Sport | Taktikanalyse

Den Gegner ausgeguckt

Der FC Südtirol gewinnt gegen Reggiana 3:1. Trainer Valente und sein Team haben die Schwächen des Gegners perfekt analysiert und die richtigen Schlüsse gezogen: Standardsituationen und intensives Verteidigen waren der Schlüssel zum Erfolg
Federico Valente vor dem Spiel gegen Reggiana
Foto: Ufficio Stampa FCS - Foto Bordoni
  • Zwei Niederlagen, vier Gegentore und nur ein erzieltes Tor. Das war die Bilanz des FC Südtirol vor der Länderspielpause am letzten Wochenende. Eine Bilanz, die erst einmal aufschrecken lässt. Denn eigentlich schien der FC Südtirol defensiv gefestigt, eigentlich schien die Offensive zu Saisonauftakt ihre Durchschlagskraft zurückgewonnen zu haben. Eigentlich. Denn Valentes Mannschaft ließ in diesen beiden Spielen vor der Länderspielpause vor allem eines vermissen: die Intensität. Die ist Grundvoraussetzung für effektives Pressing (= Defensivarbeit), aber auch unbedingt notwendig für erfolgreiche Offensivaktionen. 

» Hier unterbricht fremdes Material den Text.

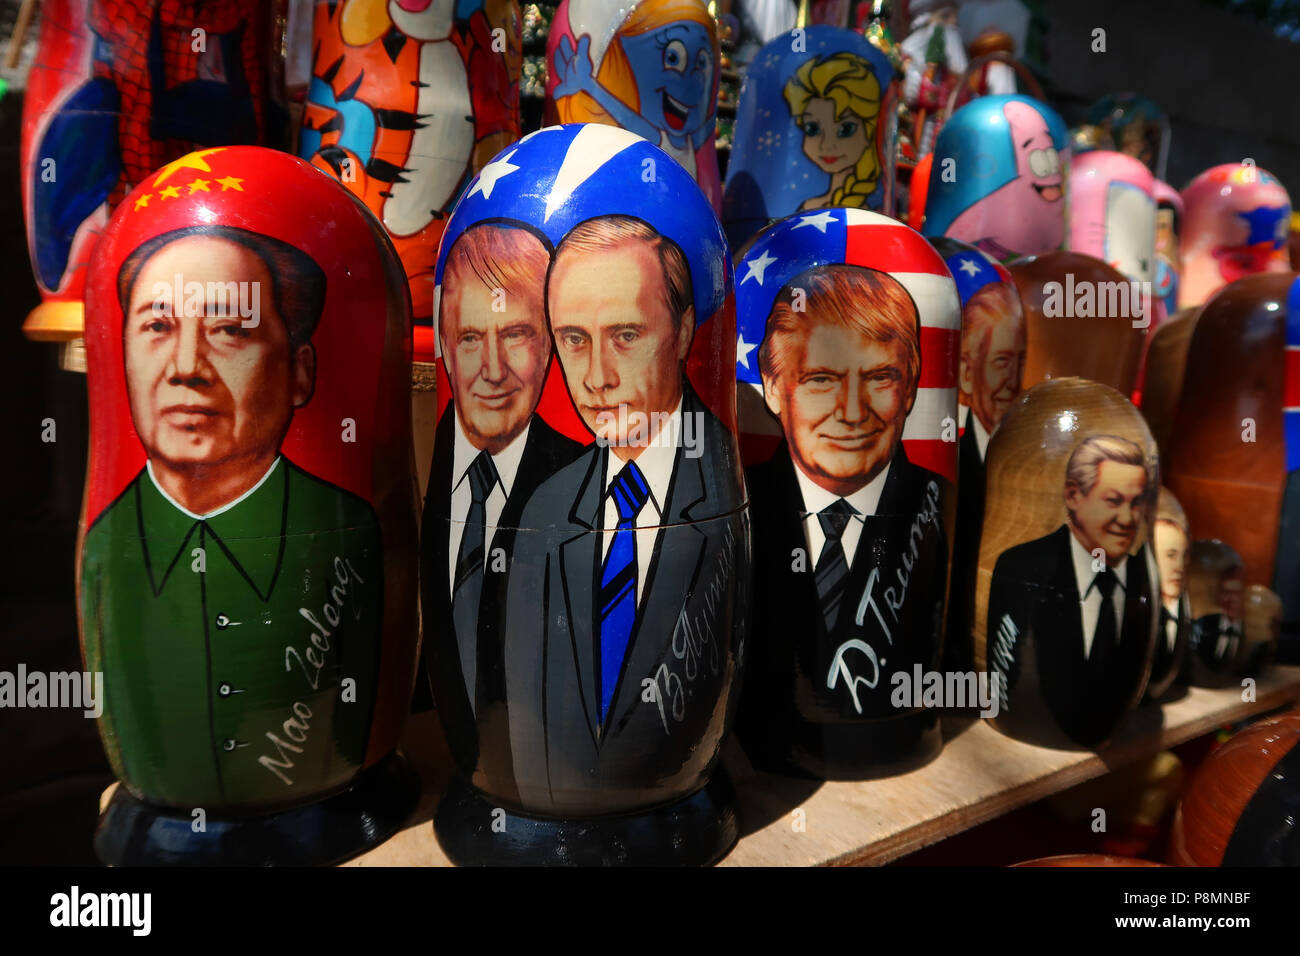 Traditionelle Matroschka-Puppen mit US-Präsident Donald Trump, dem russischen Präsidenten Wladimir Putin und dem chinesischen Vorsitzenden Mao, die in einem Souvenirstand in Kiew oder der ukrainischen Hauptstadt Kiew zum Verkauf stehen Stockfoto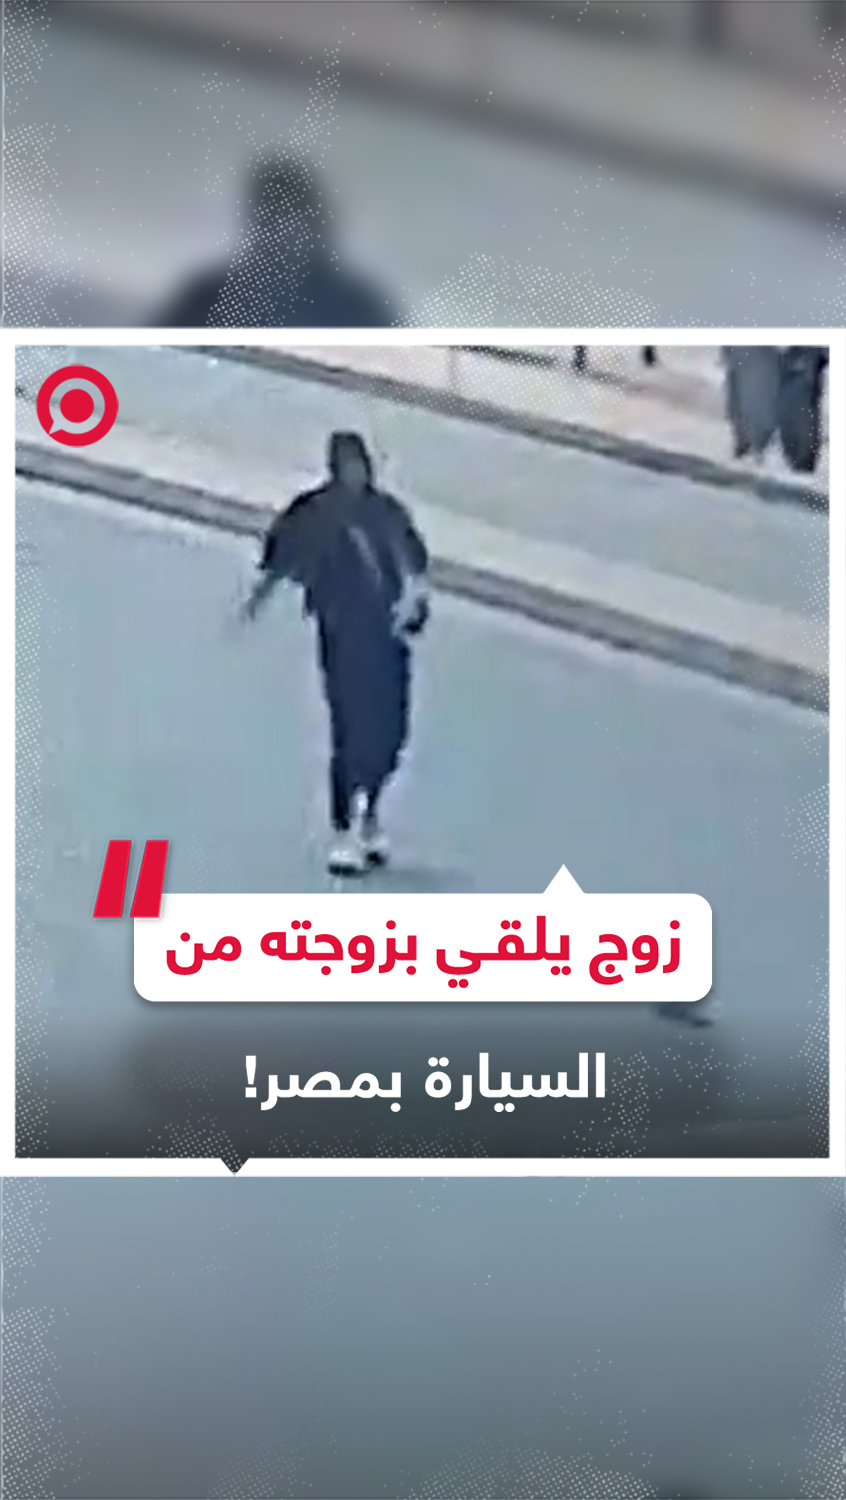 زوج يلقي بزوجته من السيارة بسبب خلافات عائلية في مصر

  • Die Grundausrichtung Südtirols: Altbewährtes und Altbekanntes

    So setzte Valente gegen Reggiana wieder auf altbewährtes: Tiefes Mittelfeldpressing, den Gegner nach außen leiten und kompakt verschieben. Vorne diente Raphael Odogwu als Relay Station, als Anspieloption, um (meist lange) Bälle festzumachen und zu halten, damit seine Mitspieler nachrücken konnten. 3-4-2-1, das defensiv häufig zum 5-4-1 wurde. Odogwu kümmerte sich um den gegnerischen Sechser, Leo Štulac, der sich vor der eigenen Abwehr bewegte, um das Spiel aufzubauen.

    Der FCS hatte zwar zu Beginn einige längere Ballbesitzphasen, dabei offenbarten sich allerdings die bekannten Probleme: Wichtige Zonen wurden nicht besetzt, die Mannschaft war quasi zweigeteilt – das kennen wir ja inzwischen. Und so kam es den Gästen gut gelegen, dass sie durch ein Traumtor von Molina früh in Führung gehen konnten. Effektives Spiel mit dem Ball war nicht mehr unbedingt erforderlich, jetzt musste Reggiana mehr fürs Spiel tun – Südtirol konnte noch tiefer verteidigen und auf seine Chancen warten. 

  • Der FCS in Ballbesitz: Das Mittelfeld ist nicht besetzt, der Zwischenlinenraum (gelb) verwaist. Foto: SALTO
  • Wie Valente seinem Team zu Torchancen verhelfen wollte, wurde sehr schnell – nach dem ersten Eckball für Südtirol – klar. Standardsituationen.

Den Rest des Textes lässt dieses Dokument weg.